Richard Pike Bissell
Richard Pike Bissell (Dubuque, Iowa, June 27, 1913 – May 4, 1977) was an American author of short stories and novels. His third book, and second novel, 7½ Cents, was adapted into the Broadway musical The Pajama Game. This won him (along with co-author George Abbott) the 1955 Tony Award for Best Musical. He wrote a book about the experience called Say, Darling, which chronicled the ins and outs of a broadway musical production and featured characters based on those (such as Harold Prince) he worked with; this book was also turned into a musical, also called Say, Darling, in 1958.
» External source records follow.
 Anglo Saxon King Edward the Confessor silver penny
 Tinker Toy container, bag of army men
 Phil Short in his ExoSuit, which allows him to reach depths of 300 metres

He wrote a memoir of his experiences at Harvard, You Can Always Tell a Harvard Man (McGraw Hill, 1965). He worked on a freighter on the American Export Business Lines and riverboats, served as vice president at a Dubuque clothing manufacturer which had been bought by his great-grandfather (who worked his way from the bottom to the top of the company in a true Horatio Alger kind of story). He also lived for several years and raised his children in Rowayton, Connecticut. A member of The Lambs (1956).
Bissell wrote works about his experiences on the river that had some critics comparing him to Mark Twain, and 7½ Cents was based on his experiences in the garment industry. Bissell wrote 7½ Cents while he was the vice-president of his family's pajama factory located in Dubuque, Iowa. 
- A Stretch on the River (1950)
- The Monongahela (1952)
- 7½ Cents (1953)
- High Water (1954)
- Say, Darling (1959)
- Good Bye, Ava (1960)
- You Can Always Tell a Harvard Man (1962)
- Still Circling Moose Jaw (1965)
- How Many Miles to Galena? (1968)
- Julia Harrington, Winnebago, Iowa (1969)
- My Life on the Mississippi, or Why I Am Not Mark Twain (1973)
- New Light on 1776 and All That (1975)
In 2008 Elmore Leonard cited Richard Bissell as a major influence in formation of his style because he felt Bissell could be naturally funny:
Once I realized he (Ernest Hemingway) doesn't have much of a sense of humor, at least he doesn't show it in his books then I had to find someone else. And there was a writer by the name of Richard Bissell and Bissell wrote 7½ Cents which became The Pajama Game and wrote books set on the Mississippi river where he was a pilot, a towboat pilot I don't know for how long. Then he wrote about five books and he had such a natural style. There was humor on his towboat guys' talk, but it was never forced. He wasn't trying to be funny. That was the main point. I thought that's the way to do it. That's the way.